2.7 qRT-PCR Validation

 

- Statistical analysis of qRT-PCR data (replicate number, standard deviation, p-value thresholds) not described.

 

 

- Statistical analysis methods are missing throughout — no mention of how variation or significance was evaluated.

Author Response

To reviewer #2:

Comment 1: 

2.1 Materials

- The growth conditions (light intensity, photoperiod, temperature, humidity, soil type, fertilization) are not described.
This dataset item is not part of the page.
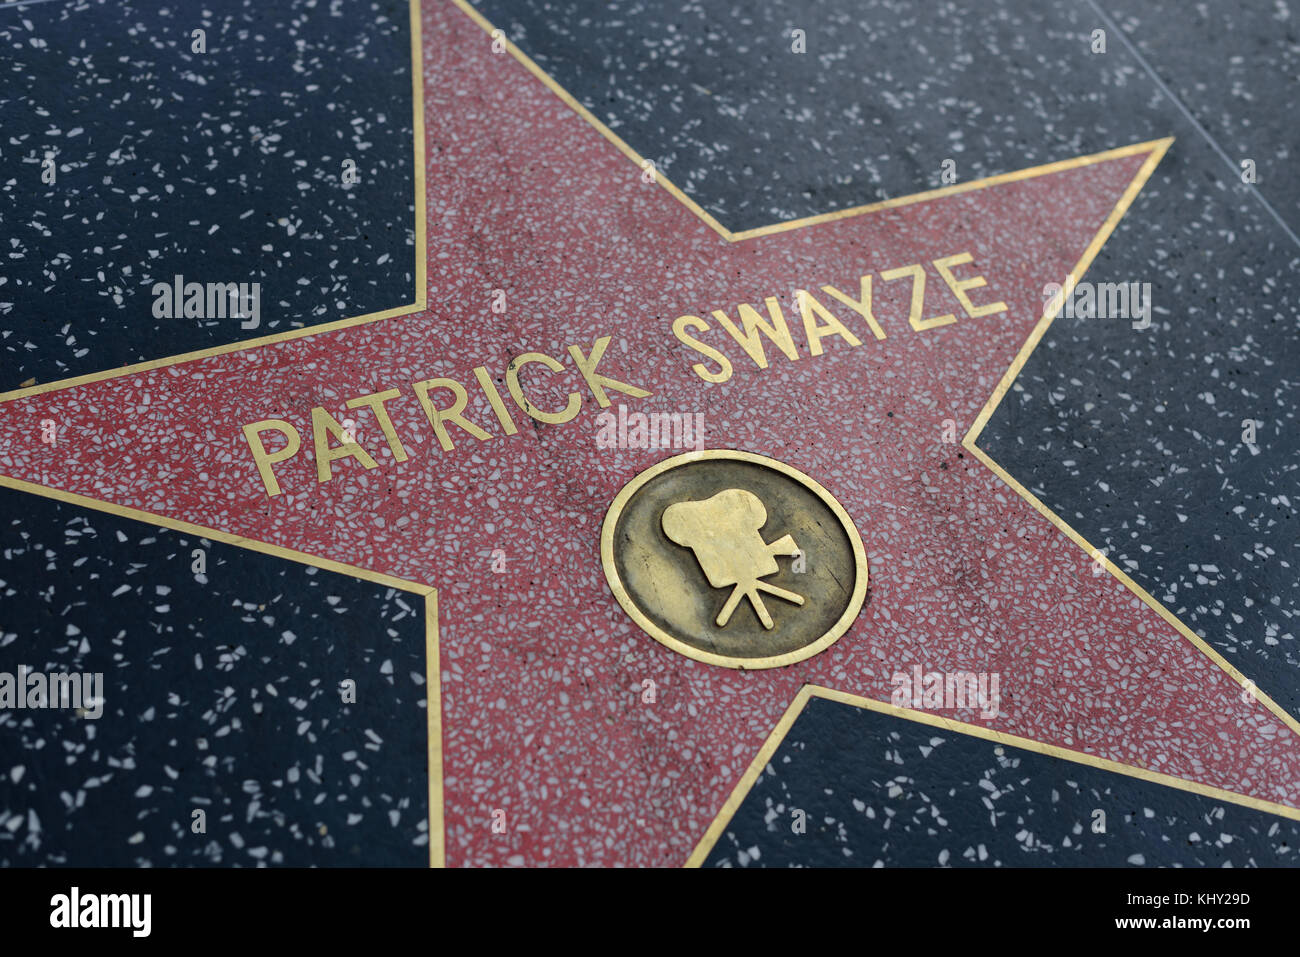 HOLLYWOOD, CA - DICEMBRE 06: Patrick Swayze stella sulla Hollywood Walk of Fame a Hollywood, California il 6 dicembre 2016. Foto Stock

This limits reproducibility and may affect gene expression patterns.

- No information about the developmental stage or age of plants at sampling.

- Number of biological replicates collected per tissue is not mentioned.
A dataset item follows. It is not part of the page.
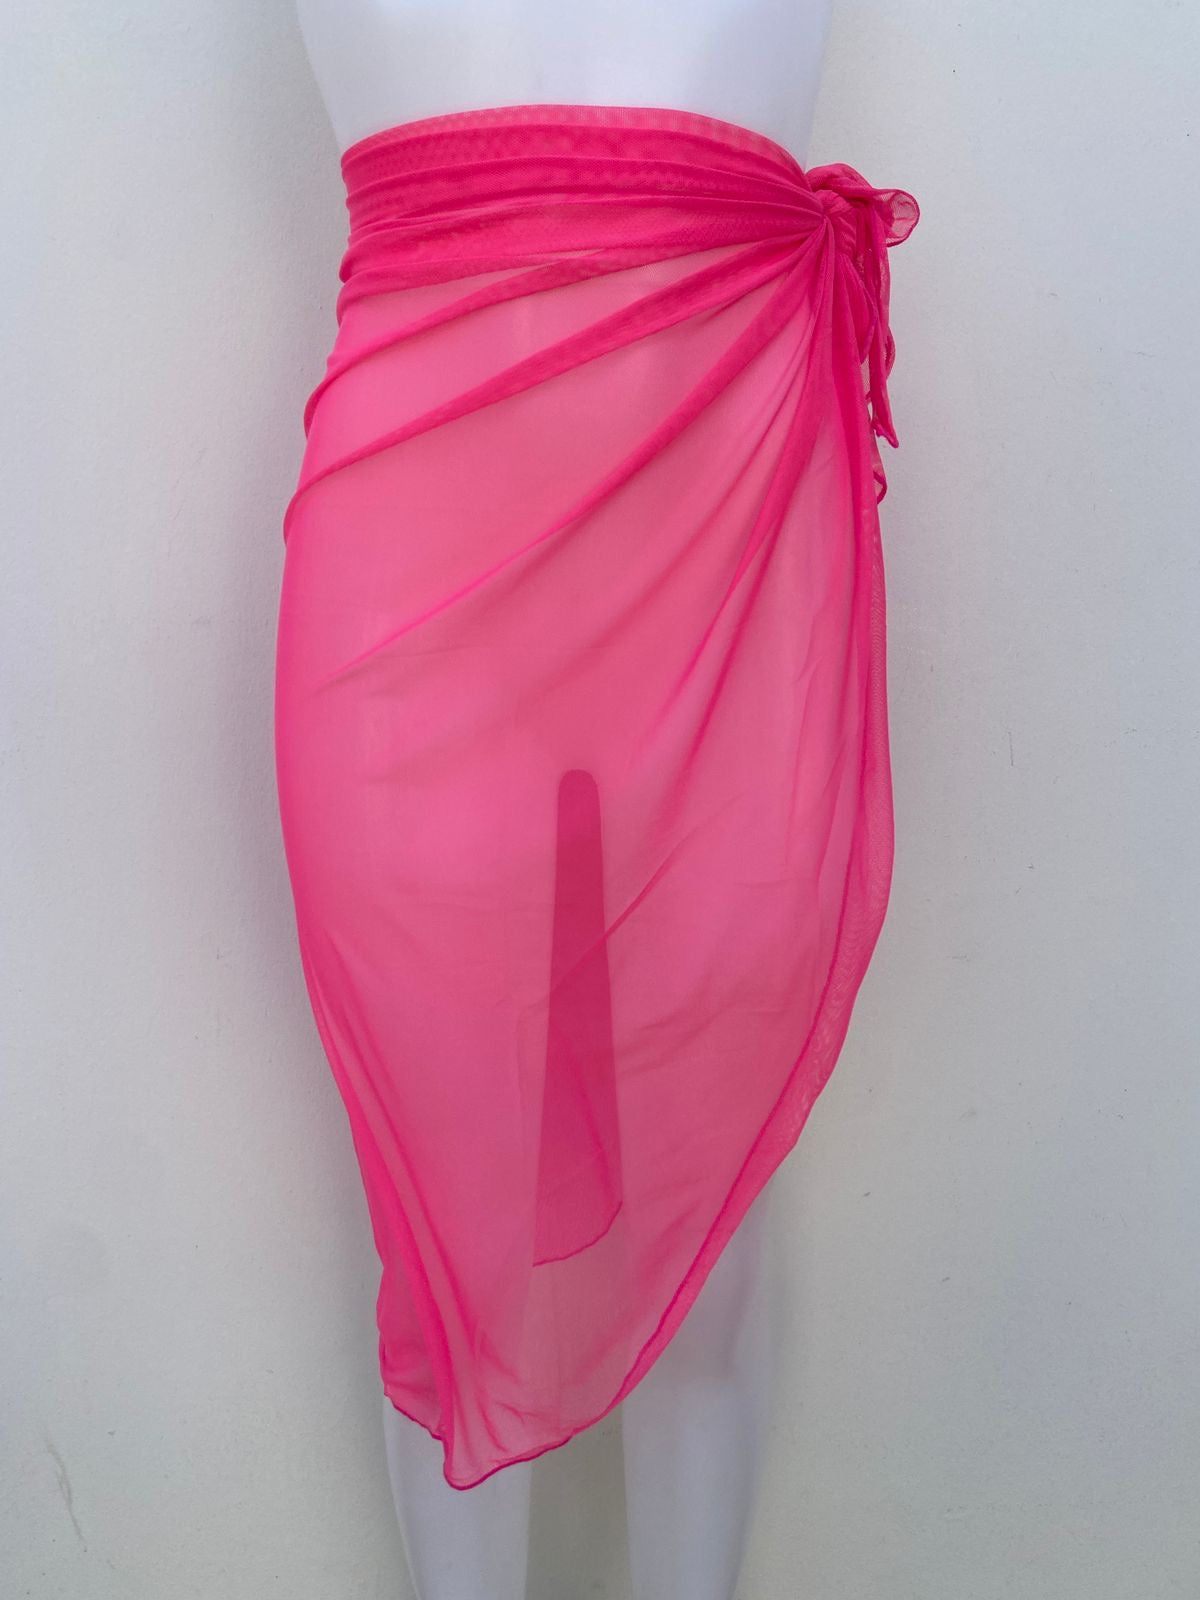 Falda/ Salida de playa Tini bikini original, rosada transparente, cover up.

Answer: Thanks very much for your suggestion.

According to the associate editor and the comments of reviewers, we have made extensive description of the growth conditions, the developmental stage or age of plants at sampling, and number of biological replicates in page 3, line 96-105. I hope that the changes I have made resolve all your concerns about the article.

 

Comment 2: 2.4 Chromosomal Location and Collinearity Analysis

- The criteria for defining homologous genes (e.g., identity threshold, coverage) are not described.

- BLASTP E-value ("< 10^-10”) is given, but coverage cutoff missing.
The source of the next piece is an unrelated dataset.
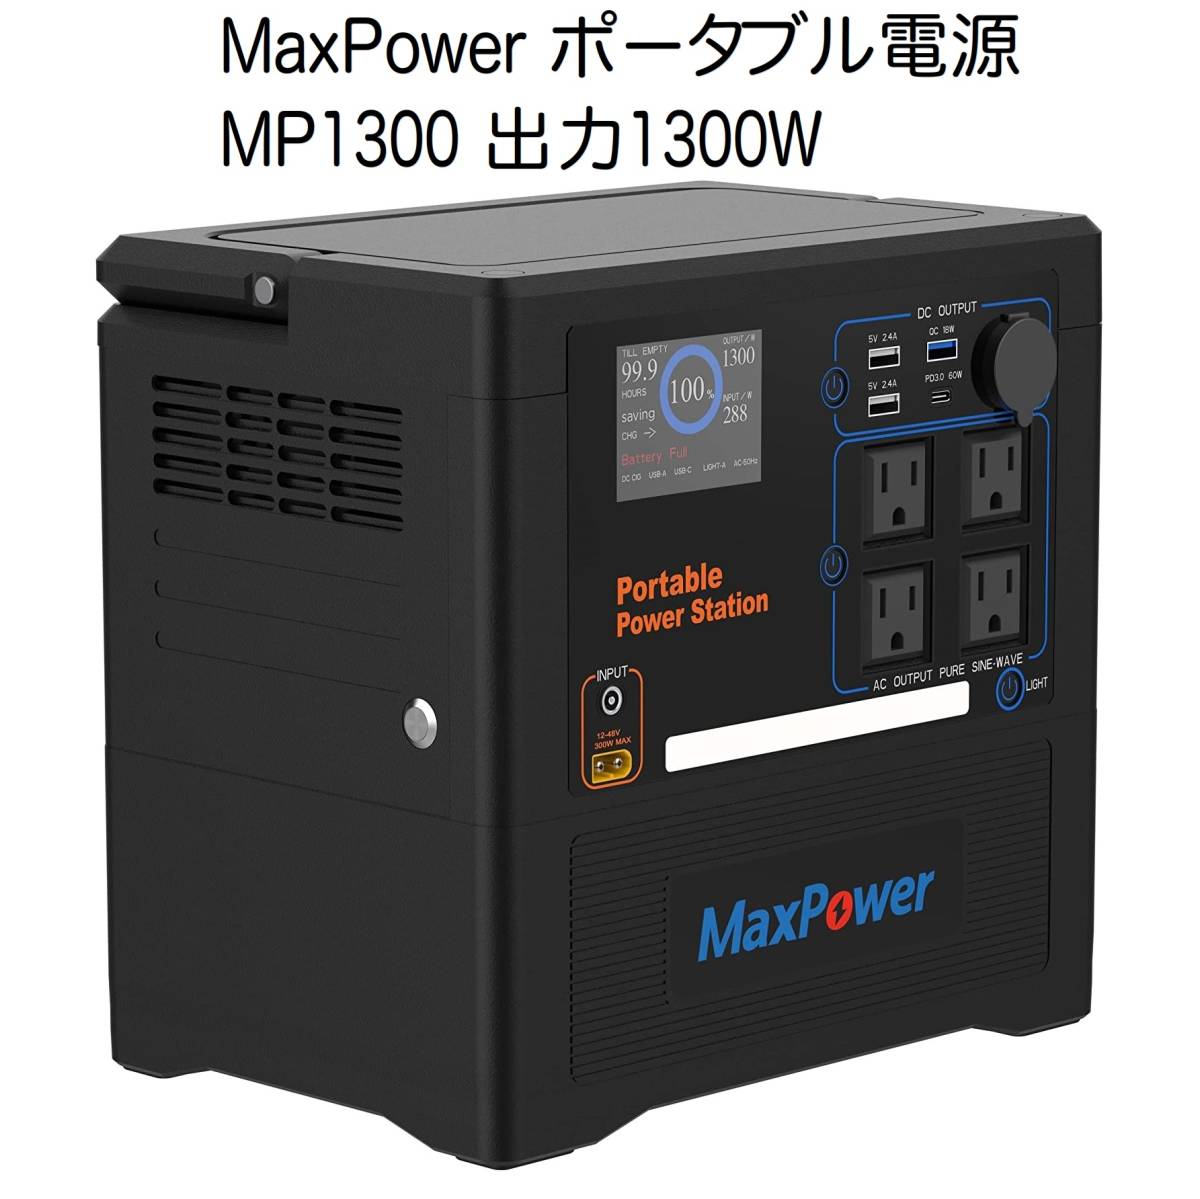 MaxPower ポータブル電源 MP1300 出力1300W 軽量 コンパクト-

Answer: Thanks very much for your suggestion. Homologous genes were identified through BLASTp alignment with a sequence identity threshold of >90 % and E-value < 10^-10. The relevant content has been added to the Methods section, in page 4, line 144-146. I hope that the changes I have made resolve all your concerns about the article.

 

Comment 3: 

2.6 Transcriptome Expression Analysis

- No mention of replicates, biological variation, or statistical testing for differential expression.

- Data validation (e.g., correlation between replicates, mapping rate) is missing.

Answer: Thanks very much for your suggestion. The replicates, biological variation, or statistical testing for transcriptome expression analysis has been added in page 4, line 161-163 and line 168-171. I hope that the changes I have made resolve all your concerns about the article.

 

Comment 4: 

2.7 qRT-PCR Validation

- Statistical analysis of qRT-PCR data (replicate number, standard deviation, p-value thresholds) not described.

- Statistical analysis methods are missing throughout — no mention of how variation or significance was evaluated.

Answer: Thanks very much for your suggestion. We have made extensive description of the statistical analysis of qRT-PCR data, in page 5, line 226-229 and page 10, line 359-363. And we hope the revised manuscript will be acceptable to you.

 

Once again, thank you very much for your constructive comments and suggestions which will help us both in English and in depth to improve the quality of the paper.